One retired area Coast Guardsman, who served for 15 years until he was discharged in 1995 under Don’t Ask, Don’t Tell for being bisexual, said he didn’t experience the ban itself as oppressive, but rather as something he just had to deal with during his service.

Today, he is a police officer with a local department, but asked to remain anonymous. He’s relatively closeted at work because he said he fears prosecutors might unearth the information and use it against him during a trial, or that someone he had to question or arrest might use it against him on the street.

The discharge, he said, took almost seven months, months longer than the typical four-week discharge process under Don’t Ask, Don’t Tell, because he was bisexual and had a girlfriend.

“It was obvious to all involved that I wasn’t actually gay,” he said. “It was somewhat difficult for them to figure out.”

Adding to his frustration, he said, is the fact that today he knows that the way he was discharged was illegal under DADT, because the first step was his commanding officer asking him, after overhearing a remark, if he was gay.

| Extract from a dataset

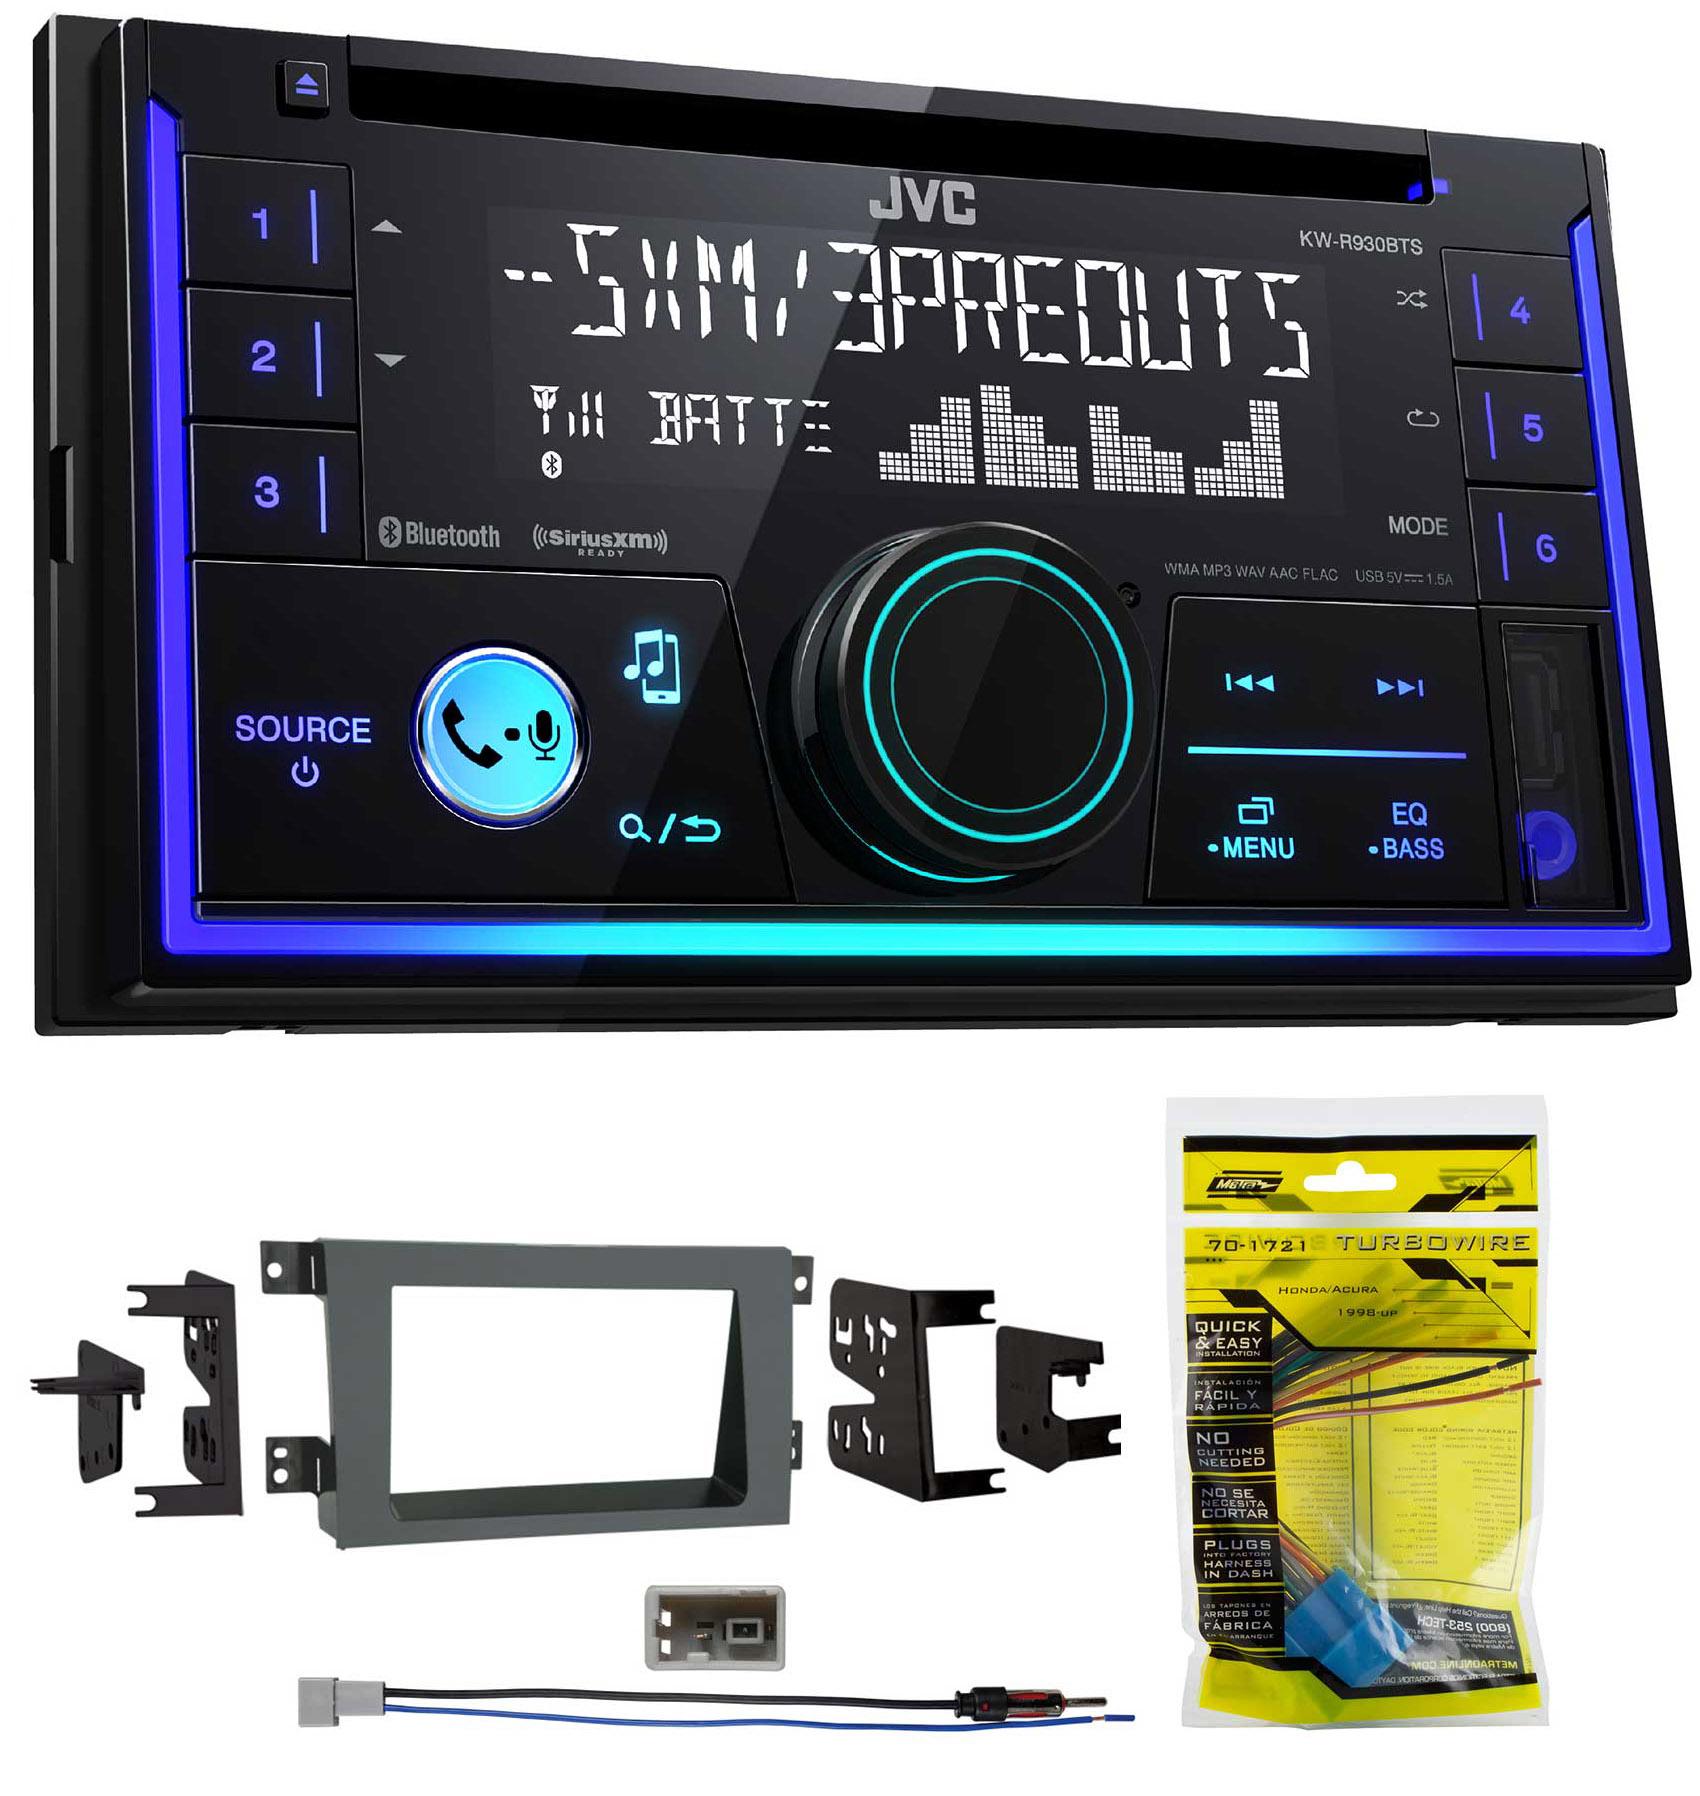 JVC Stereo CD Receiver w Bluetooth USB iPhone Sirius For 2005-08 Honda Ridgeline by JVC

“It was the way it was, the normal course of action. The cost of doing business,” he said of hiding his sexuality during his time in the Coast Guard. “I had to have short hair. I couldn’t tell people I was bisexual. Same thing.”

The reality

Masters joined the Navy at 17, angry about 9/11 and wanting to serve. His grandfather and great-grandfather served in the military, making it also a family tradition that he wanted to be part of.  Trained as a medical corpsman, then sent to Camp Lejeune, Masters was attached to a Marine Corps battalion.

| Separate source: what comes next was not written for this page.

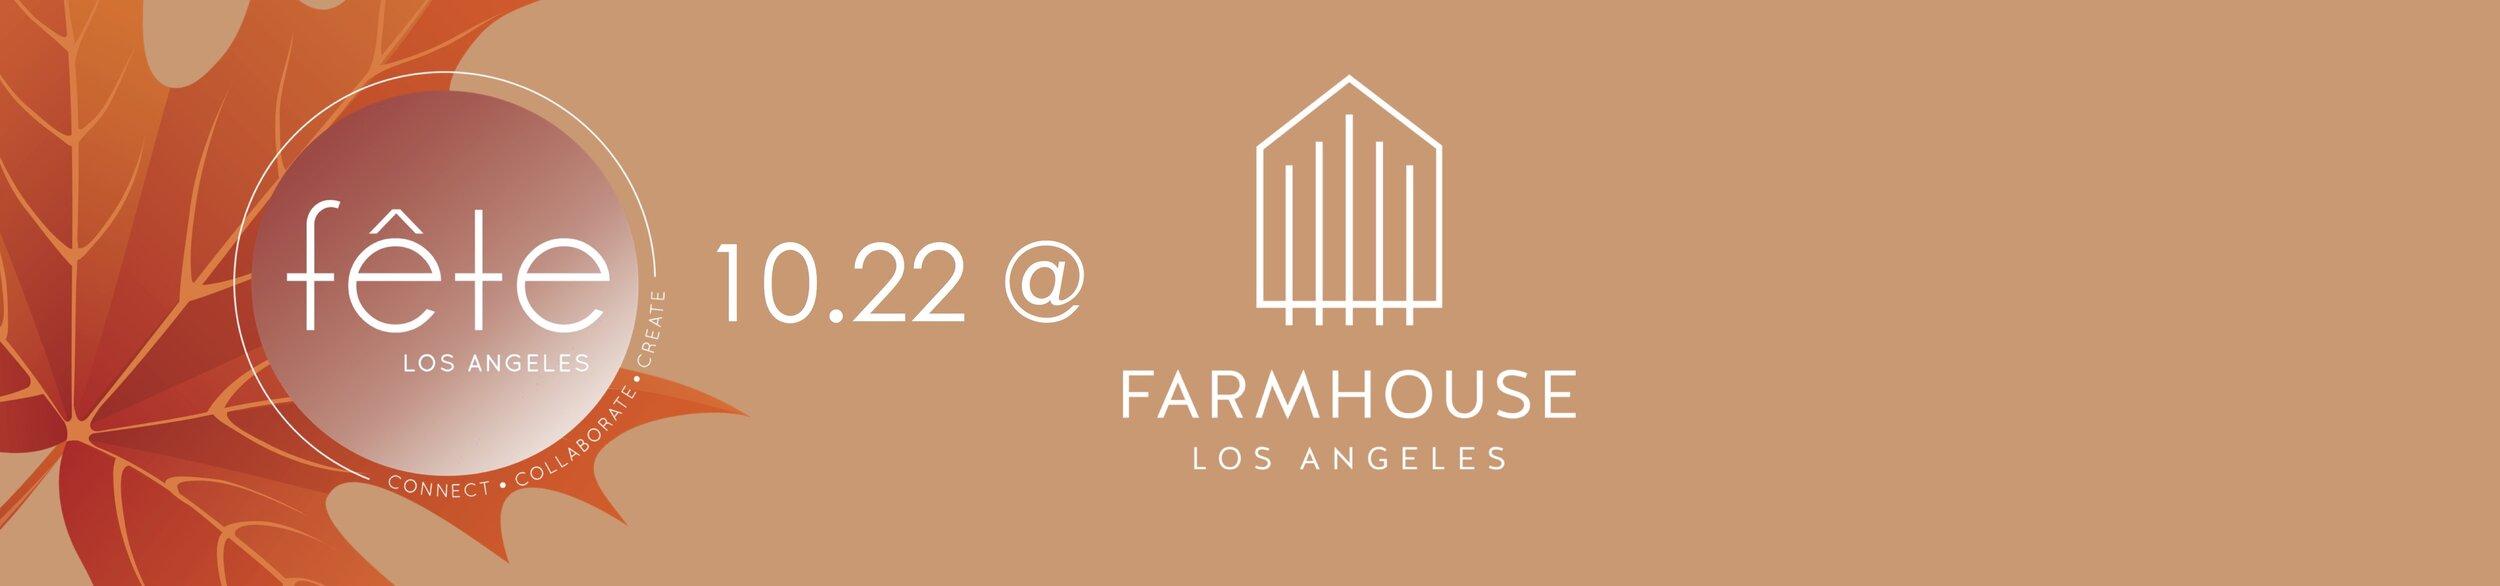 fete @ Farmhouse banner.jpg

In March 2005 he deployed to Iraq with that battalion.

Masters’ inquiry was carried out, and wheels were set in motion to dishonorably discharge him.

The military gave up only at the last minute. Masters and advocates from the Service Members’ Legal Defense Fund protested the fact that when the inquiry was convened, a member of the panel had asked, over and over, questions obviously intended to elicit a response from masters about his sexuality.

In the beginning, Masters wanted to stay in the military, and planned for a career in the Navy. Eventually, though, Masters took to carrying a letter in his wallet, so that he would have it ready to turn in just in case the stress of hiding became too much.

“It sucked every day. I would get letters from my partner every day, and he couldn’t put his name on them,” said Masters. “He talked about he missed me and how he loved me, but gender pronouns couldn’t be used. And that was life for us.”

One Kitsap resident who is an active duty senior chief in the Navy, agreed to speak anonymously about his experiences. Even though the policy is being lifted, he said, it’s still technically in effect, and while he said he didn’t think it could be extended, he said he still worries that homosexuality carries a stigma in the Navy workplace.

During his 13-year career, he has hidden his sexuality from fellow service members.

Although he identified as gay when he joined the military, he decided that covering up his personal life was something he could deal with.

Having participated in ROTC during high school, he said he felt he knew what to expect.

“I chose it. I knew when I raised my right hand to take the oath that I was choosing to live that life.”

After so many years in the closet at work, he said it’s hard to know whether or not it has had a permanent effect.

“I’ve suppressed it for so many years that it’s hard to say,” he said. “I have concerns with the professionalism. If I tell one person on the boat it’s going to go throughout the boat. I’m not naïve, some people are going to have a problem with it.”